- [About this task]: Lines from the one containing "André MAGINOT Stock Photo" through the end of the listing are what is wanted, given again exactly with both ends included and pictures left out.

Dataset excerpt Block Start

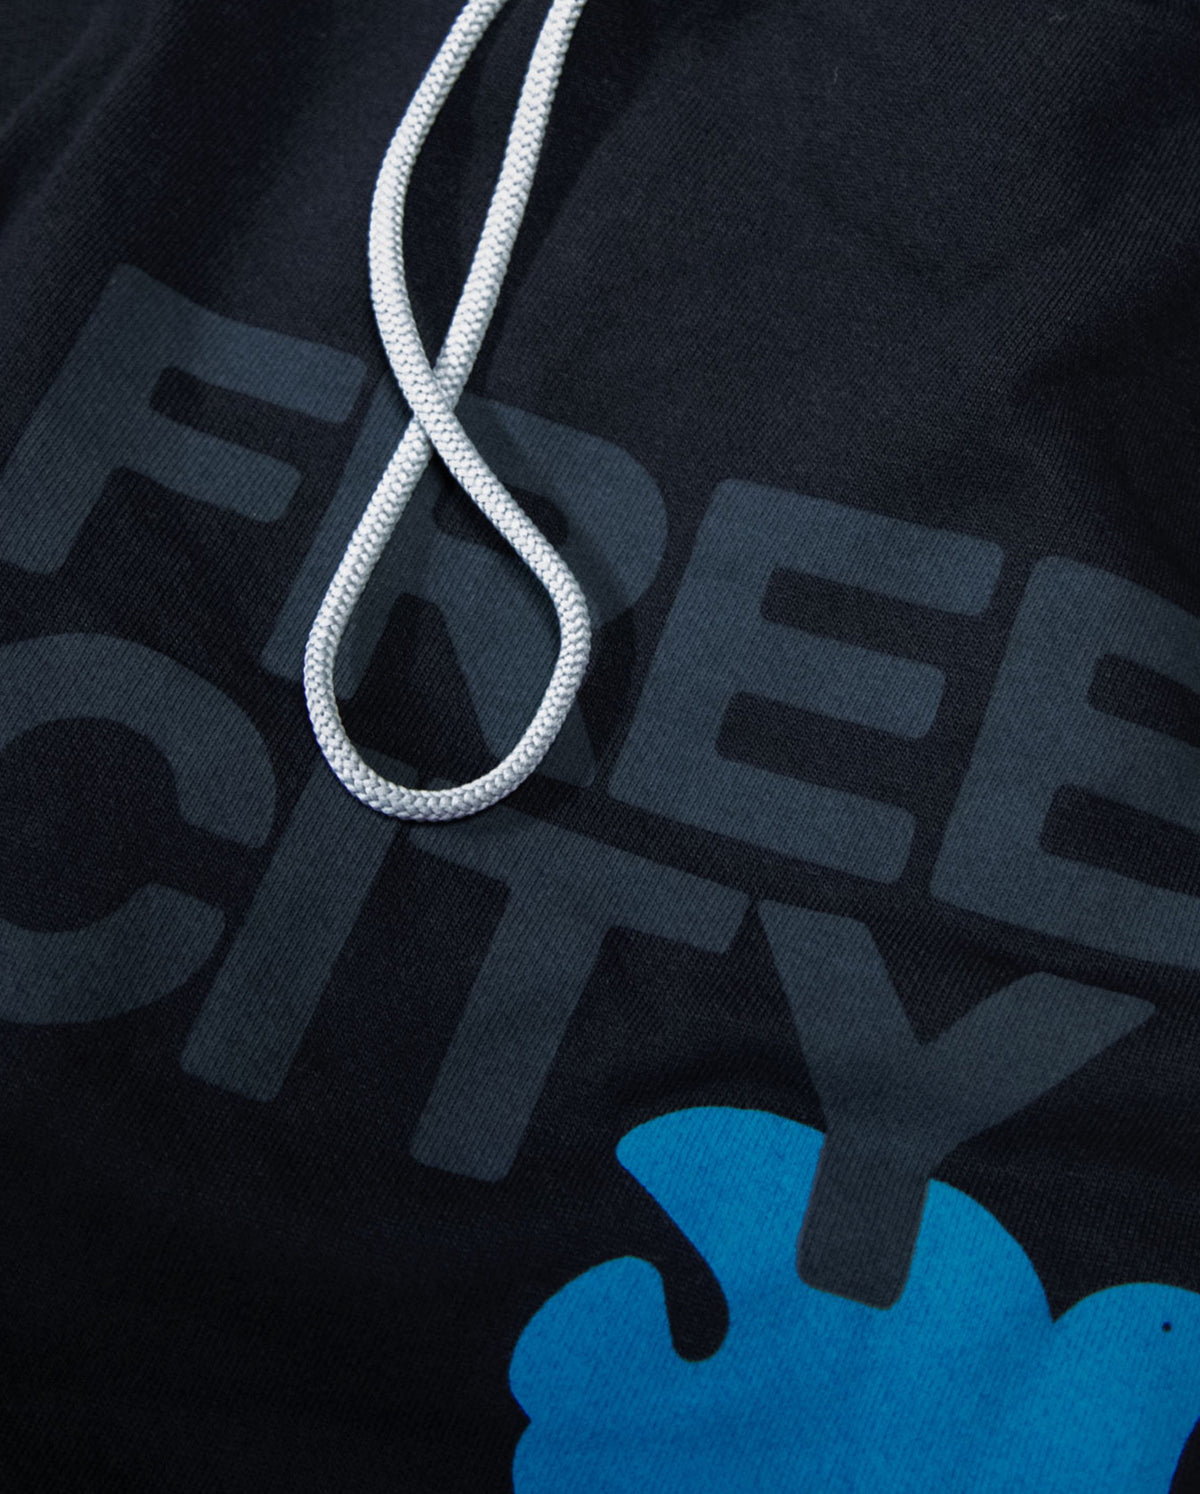 Freecity Large Sweats - Super Black/Blue
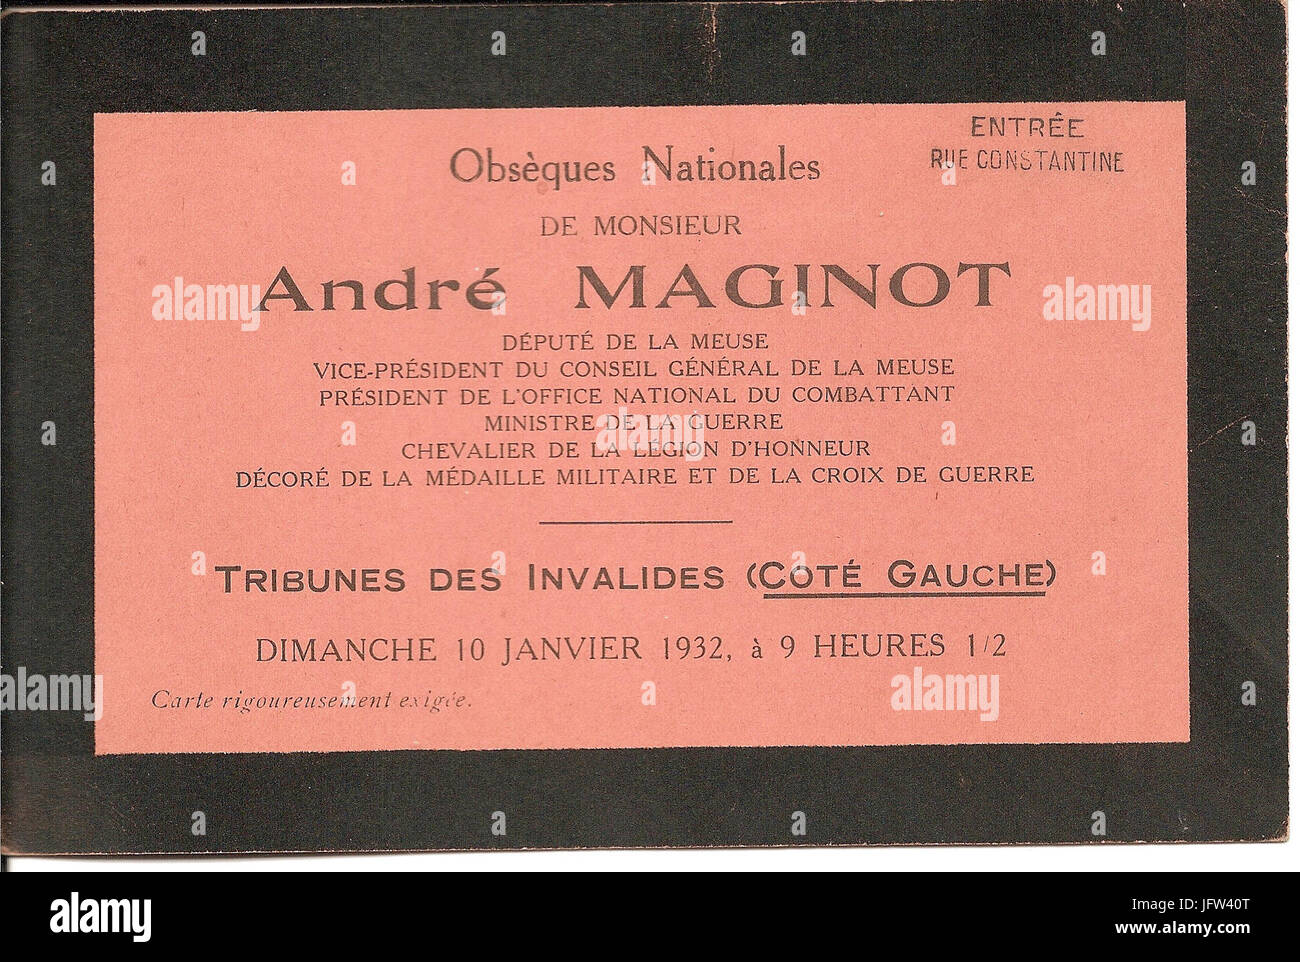 André MAGINOT Stock Photo
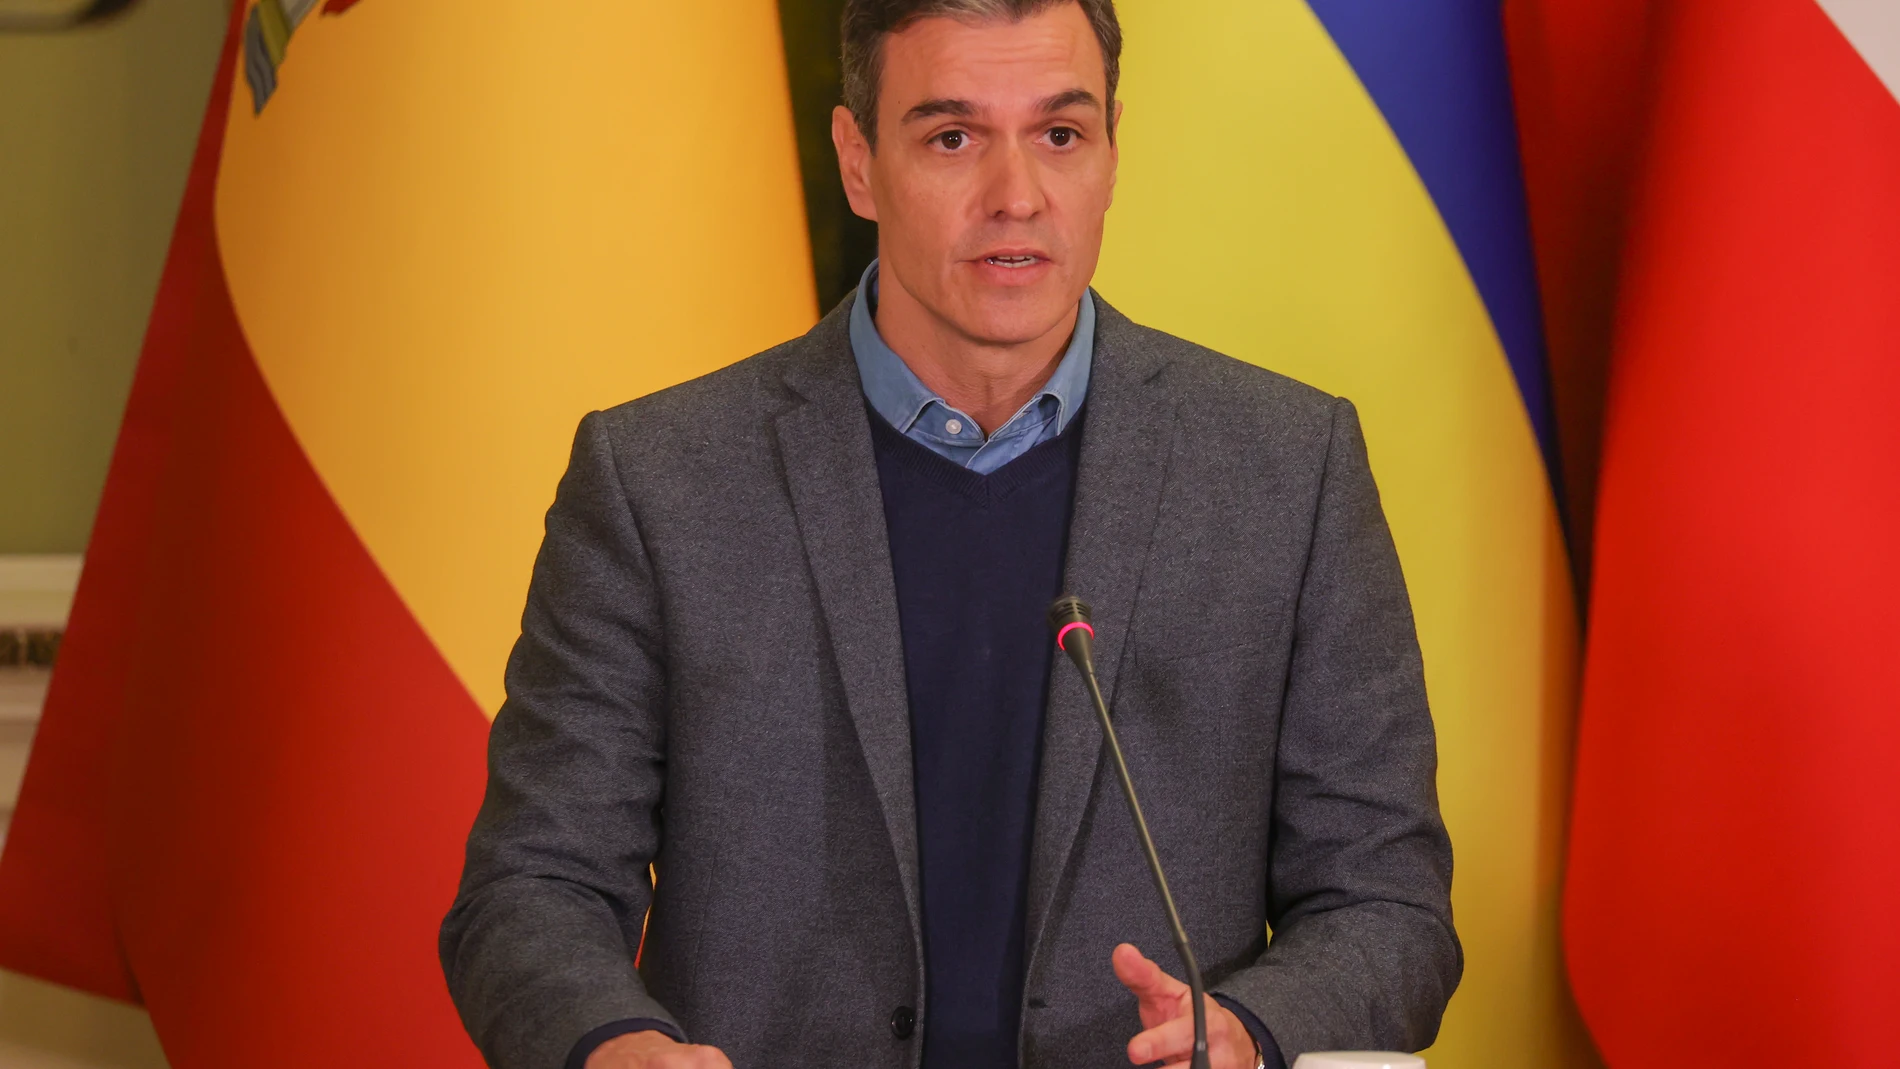  Pedro Sánchez en la rueda de prensa en Kiev tras reunirse con Zelenski
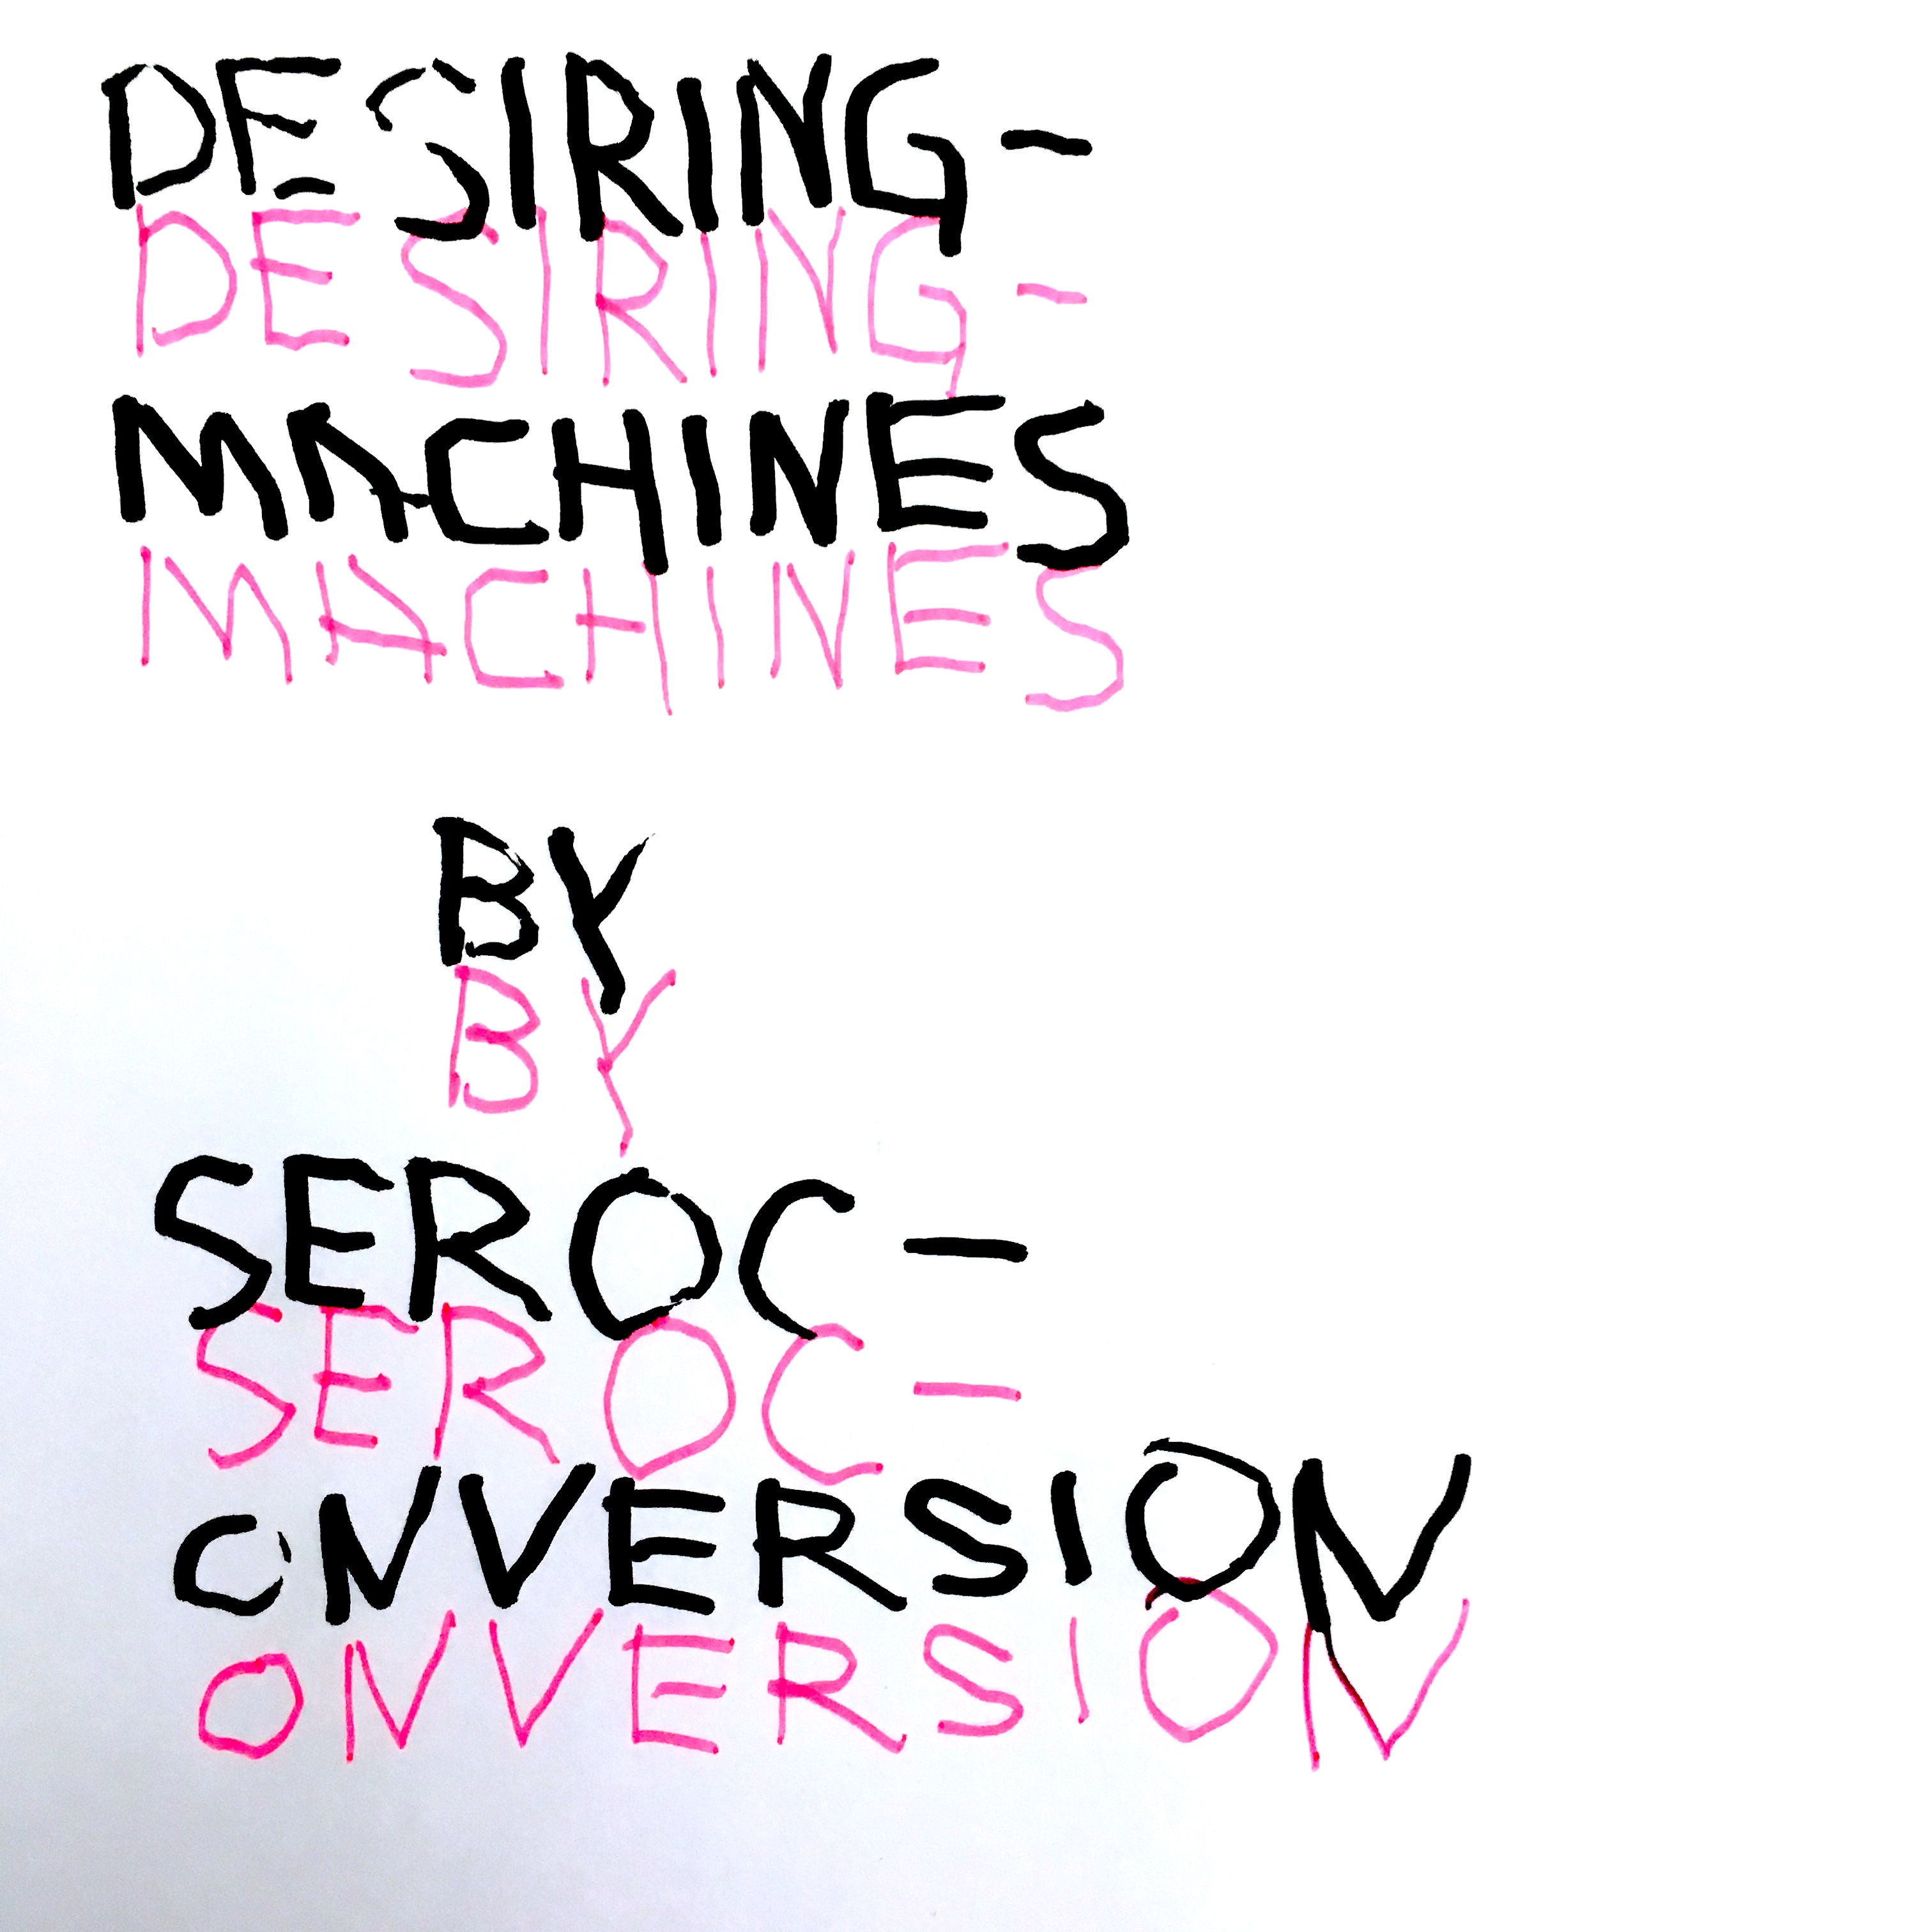 Desiring-Machines

Dataset excerpt Block End

- [Answer to the exercise]:
 André MAGINOT Stock Photo
  Pedro Sánchez en la rueda de prensa en Kiev tras reunirse con Zelenski
 Desiring-Machines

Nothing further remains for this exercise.